## Problem statement
Go through the data below and copy each line that includes "with".

## Records from a dataset
::::::::

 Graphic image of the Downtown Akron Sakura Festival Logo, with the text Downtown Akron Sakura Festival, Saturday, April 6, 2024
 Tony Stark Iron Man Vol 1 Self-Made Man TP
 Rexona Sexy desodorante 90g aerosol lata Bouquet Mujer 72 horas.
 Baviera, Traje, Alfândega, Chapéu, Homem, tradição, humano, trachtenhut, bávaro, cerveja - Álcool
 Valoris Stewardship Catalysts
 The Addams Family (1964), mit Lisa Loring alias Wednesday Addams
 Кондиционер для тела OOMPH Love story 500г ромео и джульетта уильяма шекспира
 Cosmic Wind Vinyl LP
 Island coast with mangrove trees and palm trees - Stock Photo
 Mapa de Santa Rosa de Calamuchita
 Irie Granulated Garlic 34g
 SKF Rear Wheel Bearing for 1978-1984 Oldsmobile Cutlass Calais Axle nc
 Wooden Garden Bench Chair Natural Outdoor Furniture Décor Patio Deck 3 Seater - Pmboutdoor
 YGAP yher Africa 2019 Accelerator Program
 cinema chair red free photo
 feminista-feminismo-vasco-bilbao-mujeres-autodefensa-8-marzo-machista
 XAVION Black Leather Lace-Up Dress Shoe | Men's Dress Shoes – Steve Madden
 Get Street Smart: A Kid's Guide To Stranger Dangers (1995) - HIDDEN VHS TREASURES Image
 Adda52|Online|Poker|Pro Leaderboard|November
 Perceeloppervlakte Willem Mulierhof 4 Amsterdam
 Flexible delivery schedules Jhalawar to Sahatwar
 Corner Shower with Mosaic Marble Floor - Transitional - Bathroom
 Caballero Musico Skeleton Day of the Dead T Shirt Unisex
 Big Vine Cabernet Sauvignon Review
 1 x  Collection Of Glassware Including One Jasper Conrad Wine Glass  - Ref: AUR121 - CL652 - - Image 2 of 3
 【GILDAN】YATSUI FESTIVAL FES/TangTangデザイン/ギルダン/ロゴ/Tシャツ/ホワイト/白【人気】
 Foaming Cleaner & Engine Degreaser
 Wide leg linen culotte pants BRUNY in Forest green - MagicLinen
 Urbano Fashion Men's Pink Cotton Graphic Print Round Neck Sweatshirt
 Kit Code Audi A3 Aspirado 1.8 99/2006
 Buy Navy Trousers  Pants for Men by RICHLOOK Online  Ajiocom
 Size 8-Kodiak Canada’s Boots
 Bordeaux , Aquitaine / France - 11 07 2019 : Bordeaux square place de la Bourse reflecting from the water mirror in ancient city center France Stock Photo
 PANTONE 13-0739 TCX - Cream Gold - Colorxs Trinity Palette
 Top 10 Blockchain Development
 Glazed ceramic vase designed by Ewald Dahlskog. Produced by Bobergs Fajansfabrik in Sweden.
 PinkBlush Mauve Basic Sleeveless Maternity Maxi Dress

::::::::

## Exercise solution
 Graphic image of the Downtown Akron Sakura Festival Logo, with the text Downtown Akron Sakura Festival, Saturday, April 6, 2024
 Island coast with mangrove trees and palm trees - Stock Photo
 Corner Shower with Mosaic Marble Floor - Transitional - Bathroom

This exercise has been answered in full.